The outgoing mayor and NYC Schools Chancellor Meisha Porter, joined by P.S. 6’s Principal Sharon Porter, greeted children as they entered the building.
Summer rising is billed as a “bridge” program to reacquaint students with the classroom after a year of online and hybrid learning — essentially a summer school-summer camp hybrid.
“My son has been home for a year, so this is his first time stepping foot into a building. This is overwhelming since he hasn’t been here,” said Rita Joseph (D), victorious candidate for city council district 40, which encompasses P.S. 6.
The program is free and available to all K-12 students who register. According to the mayor, over 200,000 children have already registered.

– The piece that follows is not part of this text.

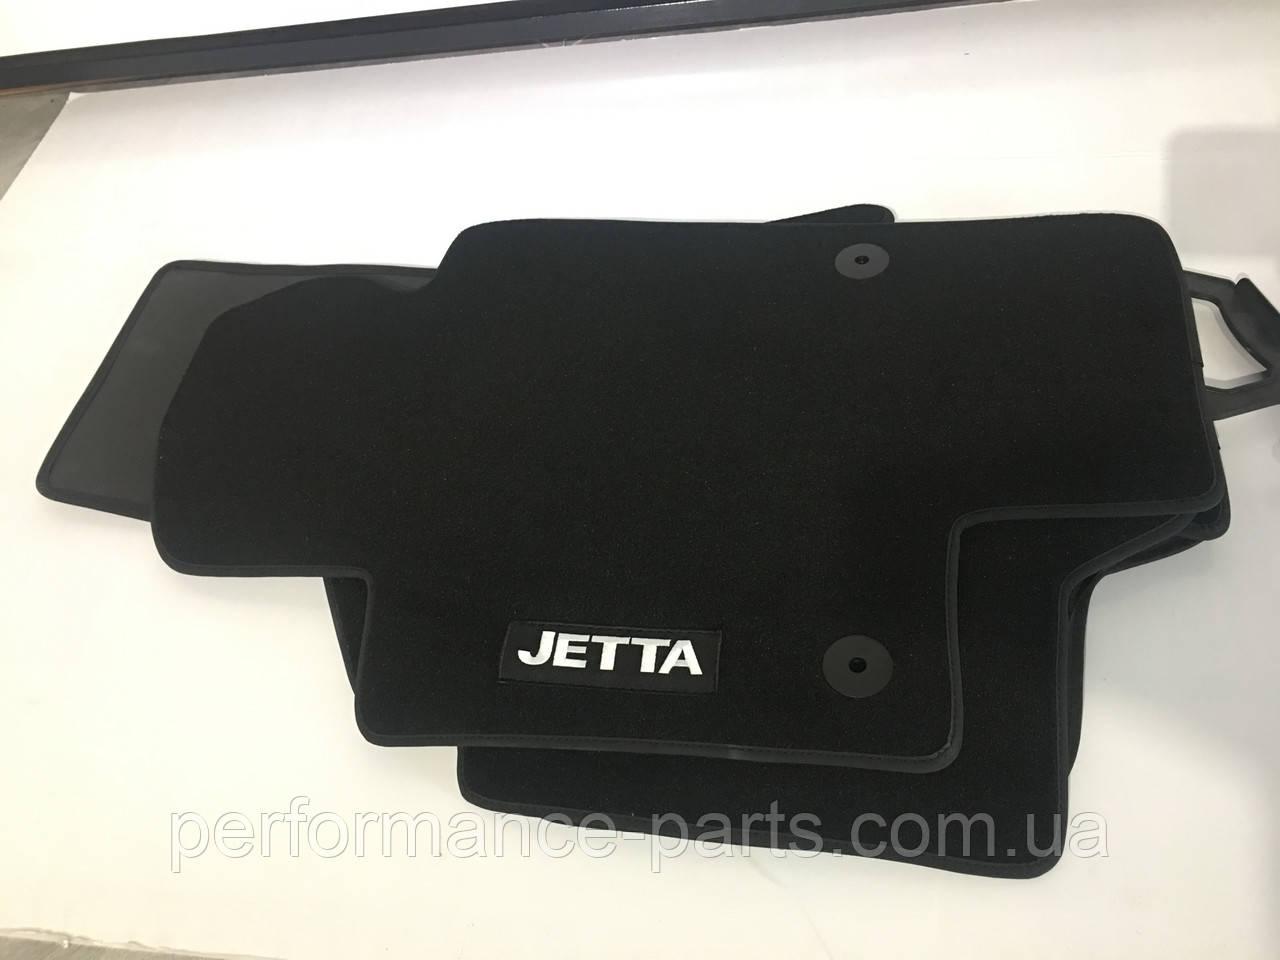 Комплект всесезонных ковриков Volkswagen Jetta SD 2010-

“I don’t have to pay anything. It’s totally free. [My daughter is] also learning half of the day and the other half of the day they’re doing activities,” said Andrea Ned, a Flatbush resident. She accompanied her second-grader into P.S. 6. “She’s not gonna be overwhelmed with academics and she’ll still have time to play and be a child.”
In addition to the academic and recreational periods, the program will incorporate systems of emotional support. “Students will engage in daily community building and social emotional learning activities … Summer Rising will address academic and social emotional needs of our youth through tailored support,” says the program’s webpage.
“I used to be a teacher myself,” said City Councilperson Mathieu Eugene (D-40). “When we teach the children directly, we can see their behavior. We can feel the needs of the children,” he remarked in favor of in-person learning.
Not all feedback was positive, however. Many parents complained their children were still on long waitlists to enroll at their local site, leading de Blasio to direct schools to increase their capacities. That prompted staffing concerns for the program, especially from teacher’s unions. The principals union, CSA Local 1, said in a statement, “unfortunately, the city’s poor implementation in recent weeks led to staffing concerns and frustrated families,” reports CBS.
“We’ll always talk to our unions. We’ll always take their input but in the end what we know we’ve got the personnel we need to provide for the kids an experience,” said the mayor. He added that “it happens often” that there are disconnects between city education and union officials and reiterated that Summer Rising has a lot of “happy” educators who are ready for the job.